[Opening Dataset excerpts section]
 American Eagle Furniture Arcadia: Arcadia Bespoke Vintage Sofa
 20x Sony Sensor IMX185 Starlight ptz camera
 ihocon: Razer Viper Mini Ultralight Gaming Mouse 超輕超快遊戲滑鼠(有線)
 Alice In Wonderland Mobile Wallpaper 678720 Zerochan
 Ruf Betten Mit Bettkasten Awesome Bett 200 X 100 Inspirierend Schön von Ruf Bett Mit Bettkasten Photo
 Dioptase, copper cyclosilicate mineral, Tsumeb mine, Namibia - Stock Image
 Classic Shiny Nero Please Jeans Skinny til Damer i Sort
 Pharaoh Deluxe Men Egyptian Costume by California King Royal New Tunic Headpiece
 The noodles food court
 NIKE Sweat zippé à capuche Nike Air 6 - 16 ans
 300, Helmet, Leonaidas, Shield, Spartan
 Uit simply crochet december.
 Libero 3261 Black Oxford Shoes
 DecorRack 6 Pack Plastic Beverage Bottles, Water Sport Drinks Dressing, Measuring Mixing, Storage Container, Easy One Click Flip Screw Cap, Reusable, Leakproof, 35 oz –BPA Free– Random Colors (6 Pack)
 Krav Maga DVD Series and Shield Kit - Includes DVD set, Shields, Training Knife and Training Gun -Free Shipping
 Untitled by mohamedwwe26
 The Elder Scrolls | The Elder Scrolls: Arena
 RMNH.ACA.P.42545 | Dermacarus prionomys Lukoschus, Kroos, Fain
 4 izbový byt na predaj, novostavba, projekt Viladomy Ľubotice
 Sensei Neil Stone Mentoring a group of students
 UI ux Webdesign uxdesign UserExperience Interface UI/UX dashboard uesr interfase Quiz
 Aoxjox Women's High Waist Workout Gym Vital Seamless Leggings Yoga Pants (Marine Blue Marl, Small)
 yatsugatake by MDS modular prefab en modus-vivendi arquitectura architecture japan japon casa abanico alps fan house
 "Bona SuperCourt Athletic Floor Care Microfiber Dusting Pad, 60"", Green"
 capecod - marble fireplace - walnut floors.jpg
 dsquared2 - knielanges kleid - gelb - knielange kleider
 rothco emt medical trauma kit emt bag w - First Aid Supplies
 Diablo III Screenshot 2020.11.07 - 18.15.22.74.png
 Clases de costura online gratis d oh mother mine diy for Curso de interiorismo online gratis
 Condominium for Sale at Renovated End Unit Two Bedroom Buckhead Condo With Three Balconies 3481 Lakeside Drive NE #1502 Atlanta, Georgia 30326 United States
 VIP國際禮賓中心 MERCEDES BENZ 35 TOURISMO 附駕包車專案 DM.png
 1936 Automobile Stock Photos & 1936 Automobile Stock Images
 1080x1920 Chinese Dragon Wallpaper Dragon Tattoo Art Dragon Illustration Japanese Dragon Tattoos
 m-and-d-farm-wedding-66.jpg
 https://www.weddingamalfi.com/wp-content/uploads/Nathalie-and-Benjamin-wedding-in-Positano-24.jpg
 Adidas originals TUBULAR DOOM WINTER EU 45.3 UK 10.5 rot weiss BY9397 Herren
[Closing Dataset excerpts section]
■ Task prompt:
Give the data again exactly, line for line.

■ Solved exercise:
 American Eagle Furniture Arcadia: Arcadia Bespoke Vintage Sofa
 20x Sony Sensor IMX185 Starlight ptz camera
 ihocon: Razer Viper Mini Ultralight Gaming Mouse 超輕超快遊戲滑鼠(有線)
 Alice In Wonderland Mobile Wallpaper 678720 Zerochan
 Ruf Betten Mit Bettkasten Awesome Bett 200 X 100 Inspirierend Schön von Ruf Bett Mit Bettkasten Photo
 Dioptase, copper cyclosilicate mineral, Tsumeb mine, Namibia - Stock Image
 Classic Shiny Nero Please Jeans Skinny til Damer i Sort
 Pharaoh Deluxe Men Egyptian Costume by California King Royal New Tunic Headpiece
 The noodles food court
 NIKE Sweat zippé à capuche Nike Air 6 - 16 ans
 300, Helmet, Leonaidas, Shield, Spartan
 Uit simply crochet december.
 Libero 3261 Black Oxford Shoes
 DecorRack 6 Pack Plastic Beverage Bottles, Water Sport Drinks Dressing, Measuring Mixing, Storage Container, Easy One Click Flip Screw Cap, Reusable, Leakproof, 35 oz –BPA Free– Random Colors (6 Pack)
 Krav Maga DVD Series and Shield Kit - Includes DVD set, Shields, Training Knife and Training Gun -Free Shipping
 Untitled by mohamedwwe26
 The Elder Scrolls | The Elder Scrolls: Arena
 RMNH.ACA.P.42545 | Dermacarus prionomys Lukoschus, Kroos, Fain
 4 izbový byt na predaj, novostavba, projekt Viladomy Ľubotice
 Sensei Neil Stone Mentoring a group of students
 UI ux Webdesign uxdesign UserExperience Interface UI/UX dashboard uesr interfase Quiz
 Aoxjox Women's High Waist Workout Gym Vital Seamless Leggings Yoga Pants (Marine Blue Marl, Small)
 yatsugatake by MDS modular prefab en modus-vivendi arquitectura architecture japan japon casa abanico alps fan house
 "Bona SuperCourt Athletic Floor Care Microfiber Dusting Pad, 60"", Green"
 capecod - marble fireplace - walnut floors.jpg
 dsquared2 - knielanges kleid - gelb - knielange kleider
 rothco emt medical trauma kit emt bag w - First Aid Supplies
 Diablo III Screenshot 2020.11.07 - 18.15.22.74.png
 Clases de costura online gratis d oh mother mine diy for Curso de interiorismo online gratis
 Condominium for Sale at Renovated End Unit Two Bedroom Buckhead Condo With Three Balconies 3481 Lakeside Drive NE #1502 Atlanta, Georgia 30326 United States
 VIP國際禮賓中心 MERCEDES BENZ 35 TOURISMO 附駕包車專案 DM.png
 1936 Automobile Stock Photos & 1936 Automobile Stock Images
 1080x1920 Chinese Dragon Wallpaper Dragon Tattoo Art Dragon Illustration Japanese Dragon Tattoos
 m-and-d-farm-wedding-66.jpg
 https://www.weddingamalfi.com/wp-content/uploads/Nathalie-and-Benjamin-wedding-in-Positano-24.jpg
 Adidas originals TUBULAR DOOM WINTER EU 45.3 UK 10.5 rot weiss BY9397 Herren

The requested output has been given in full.